(Task goal) All lines in the records below from the line with "Ein eleganter Ring" through the line with "HYT Jewelry ist" are to be given again exactly, both ends included; the pictures are to be left out.

Dataset excerpts: Begin

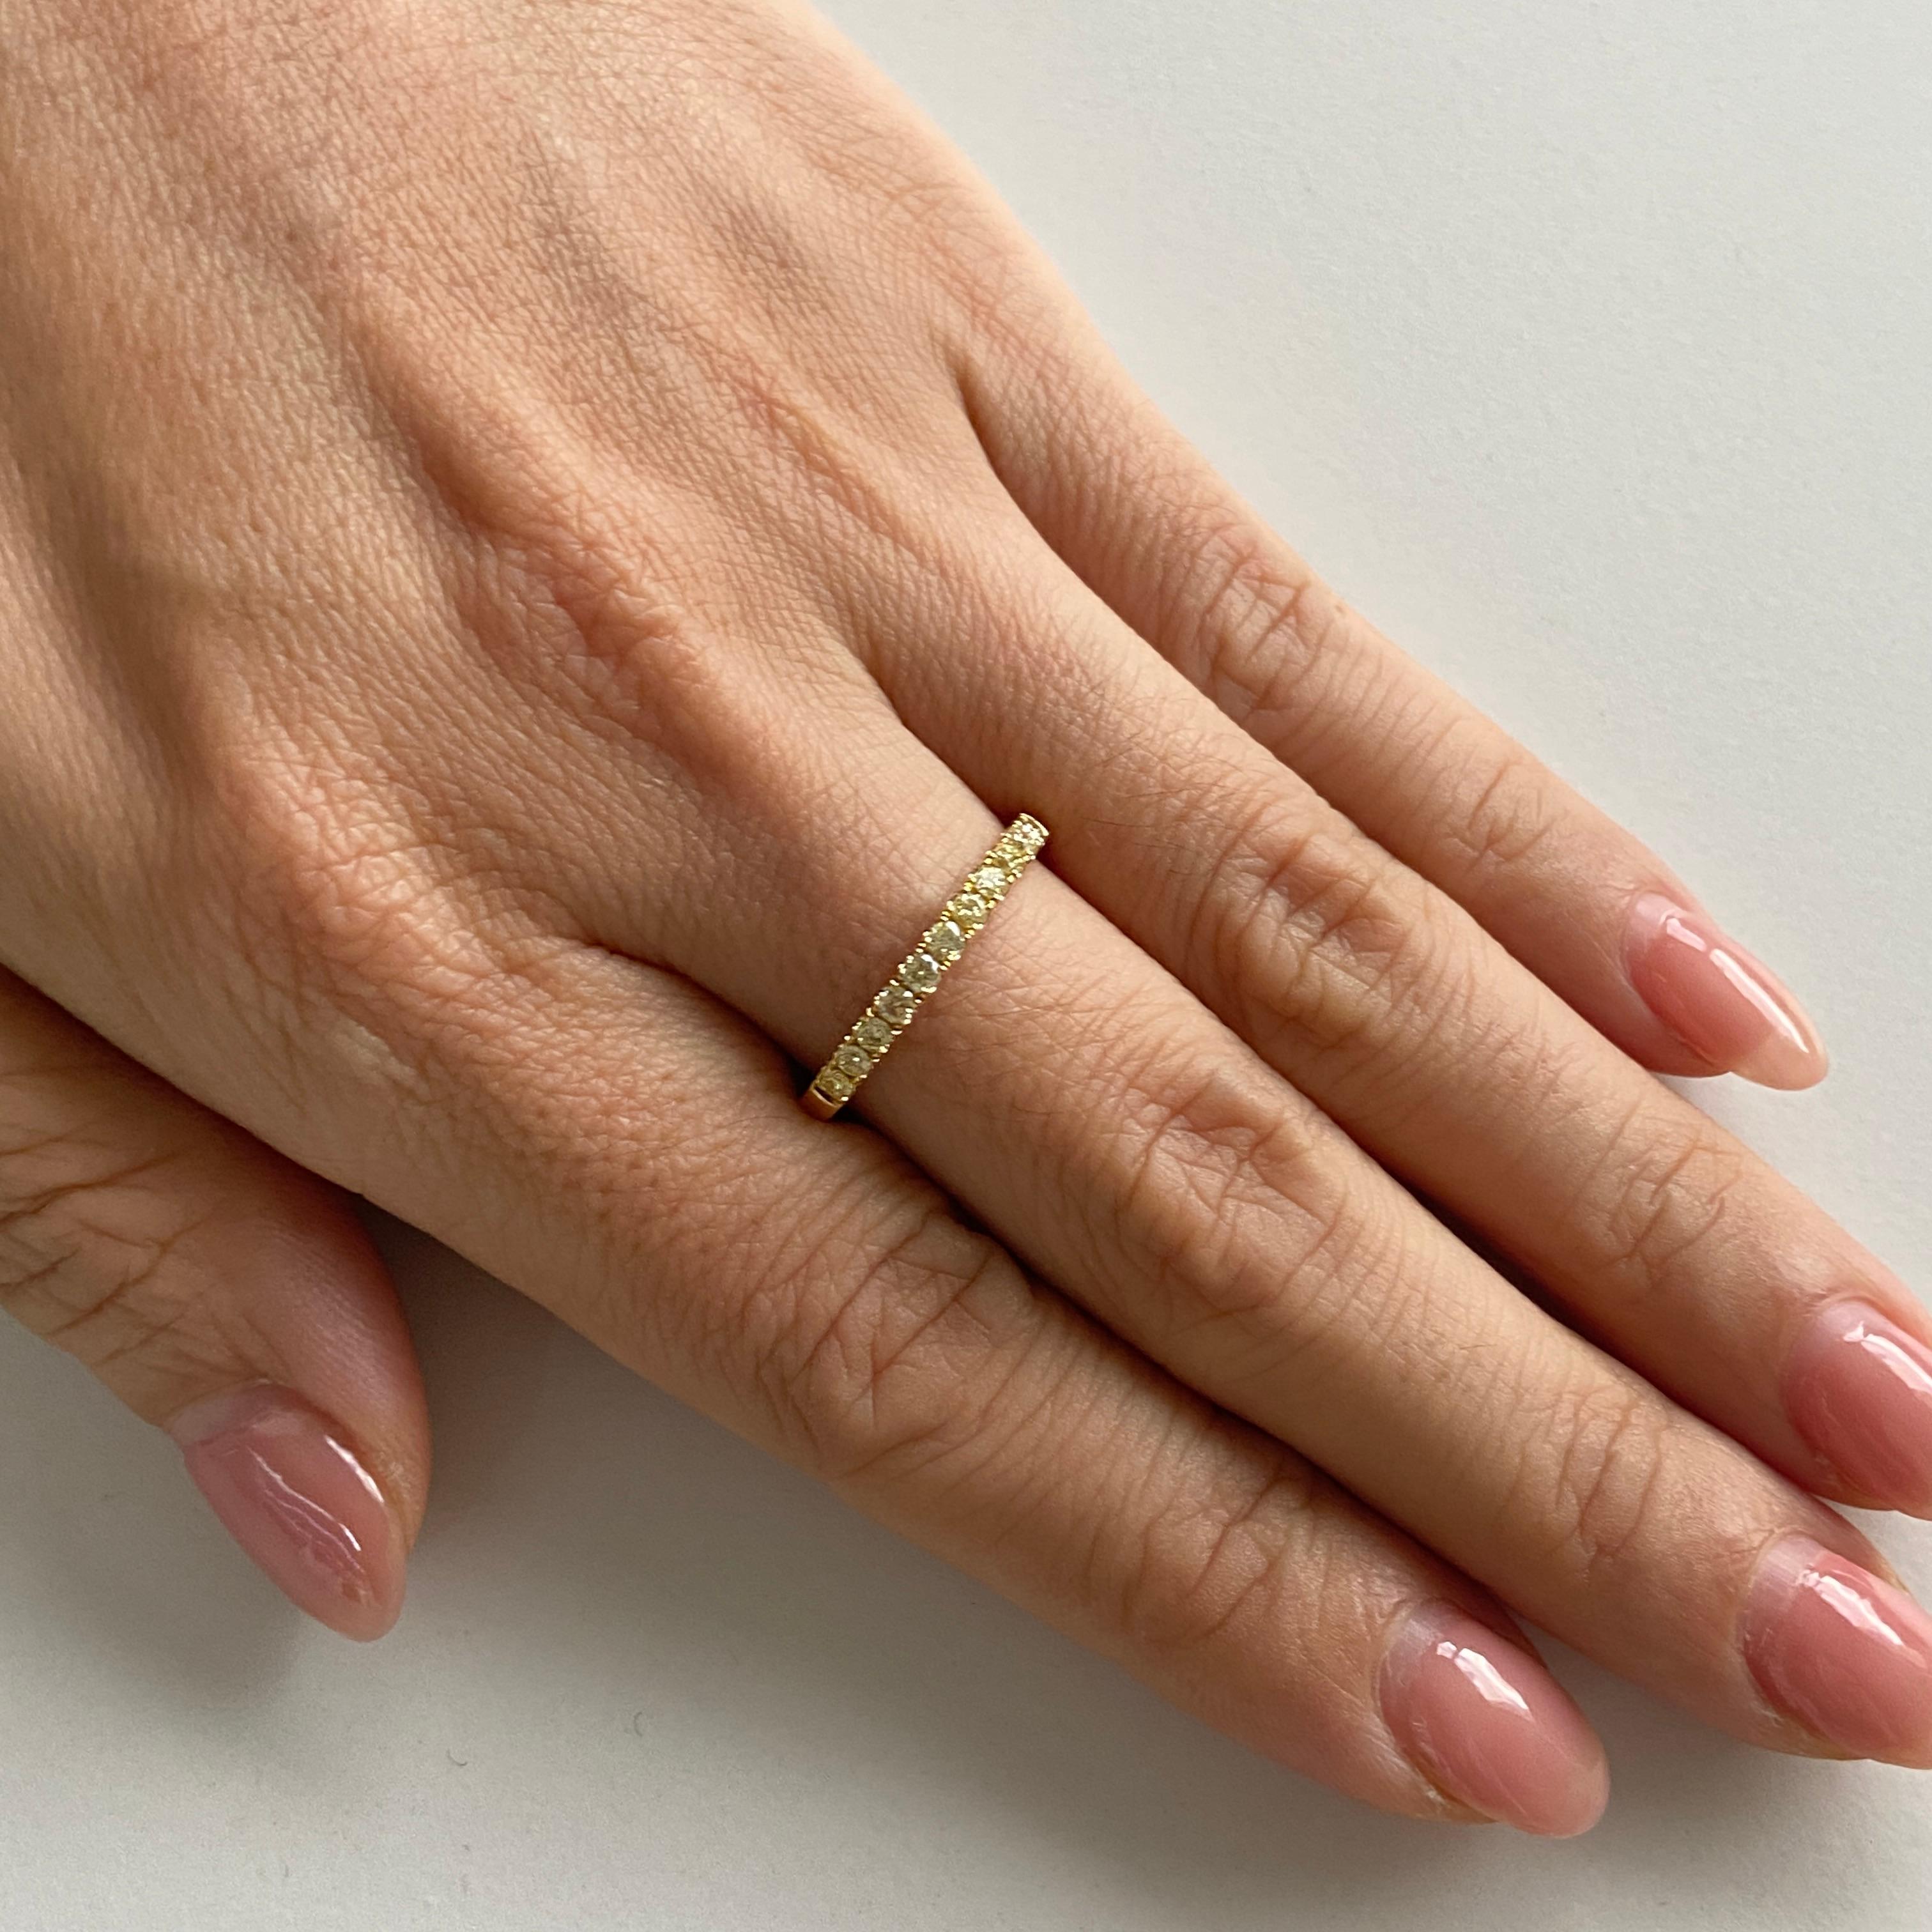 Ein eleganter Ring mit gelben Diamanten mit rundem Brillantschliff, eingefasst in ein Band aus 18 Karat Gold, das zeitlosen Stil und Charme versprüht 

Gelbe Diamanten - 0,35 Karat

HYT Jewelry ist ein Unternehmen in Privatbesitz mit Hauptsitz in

Dataset excerpts: End
Dataset excerpts: Begin

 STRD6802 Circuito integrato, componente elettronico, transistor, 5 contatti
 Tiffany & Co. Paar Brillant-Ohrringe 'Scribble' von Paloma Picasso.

Dataset excerpts: End
Dataset excerpts: Begin

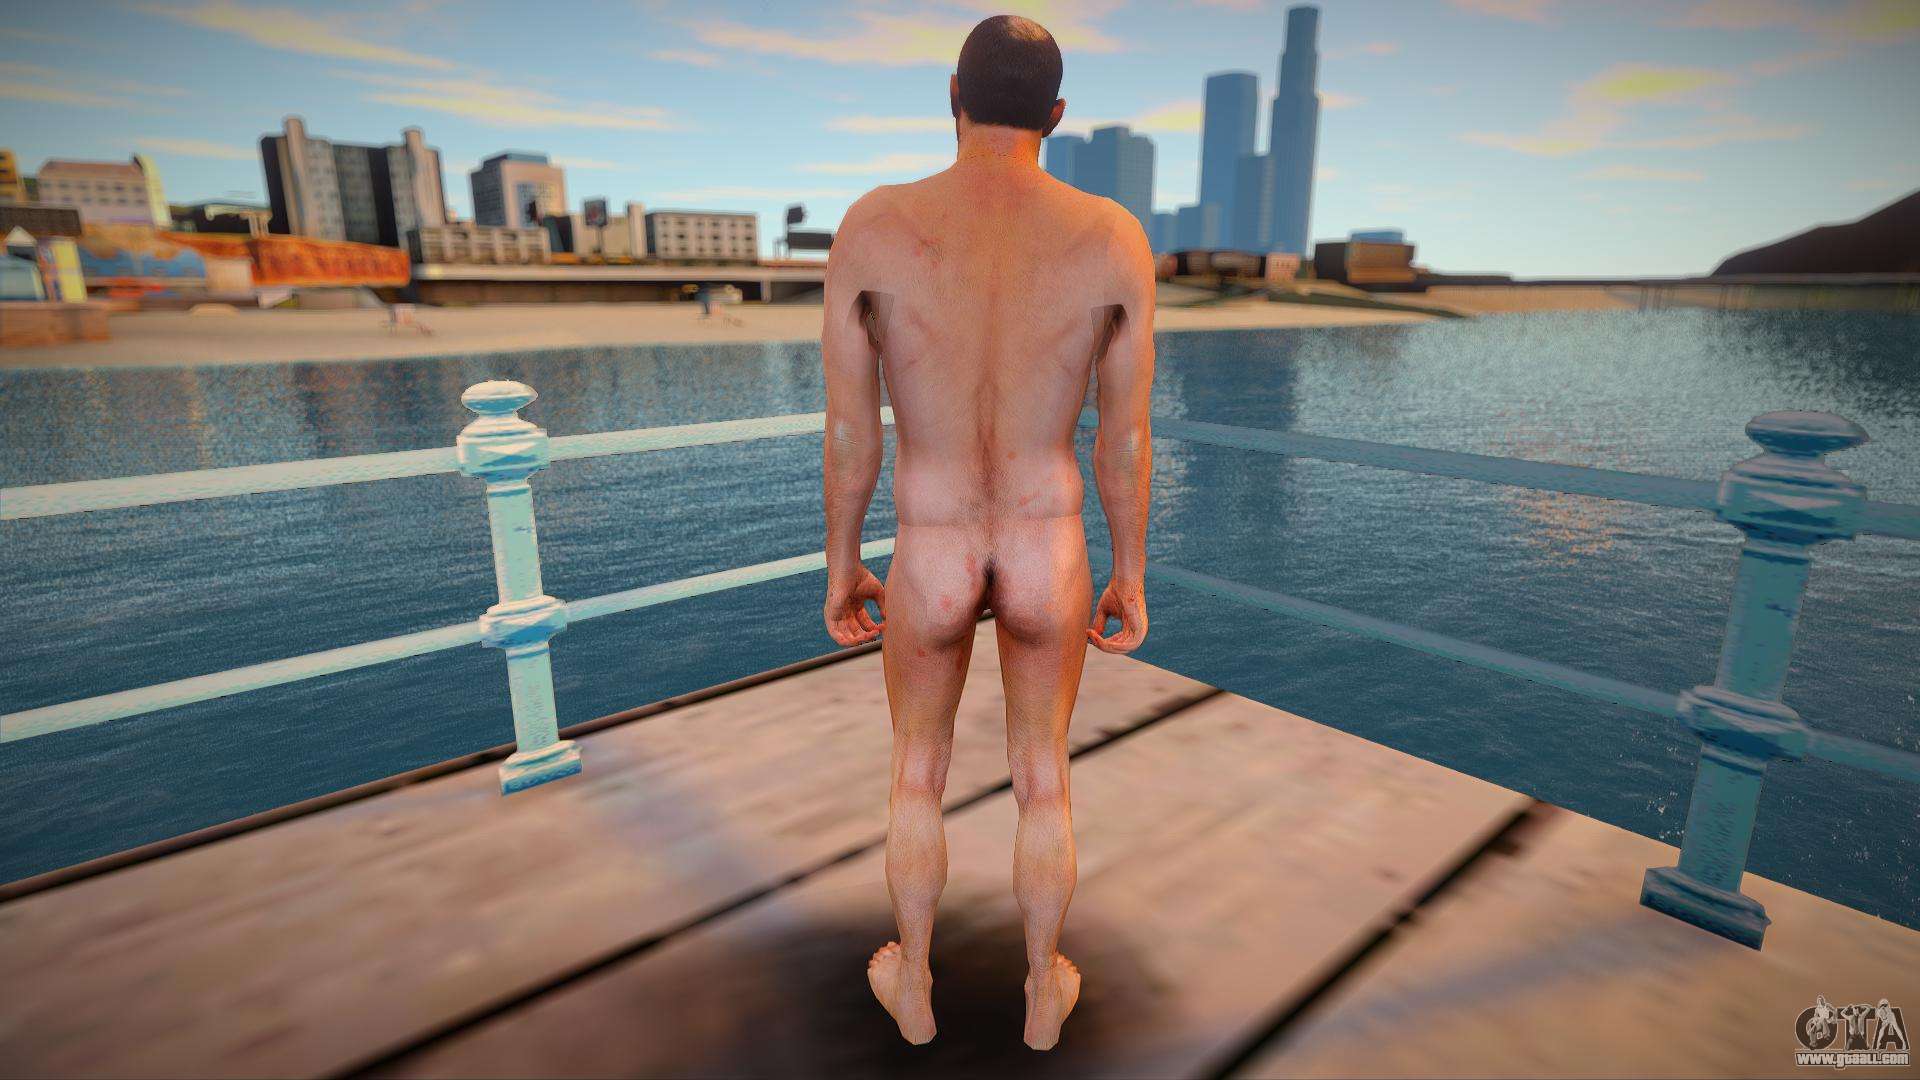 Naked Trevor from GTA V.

Dataset excerpts: End

(Solution)
 Ein eleganter Ring mit gelben Diamanten mit rundem Brillantschliff, eingefasst in ein Band aus 18 Karat Gold, das zeitlosen Stil und Charme versprüht 

Gelbe Diamanten - 0,35 Karat

HYT Jewelry ist ein Unternehmen in Privatbesitz mit Hauptsitz in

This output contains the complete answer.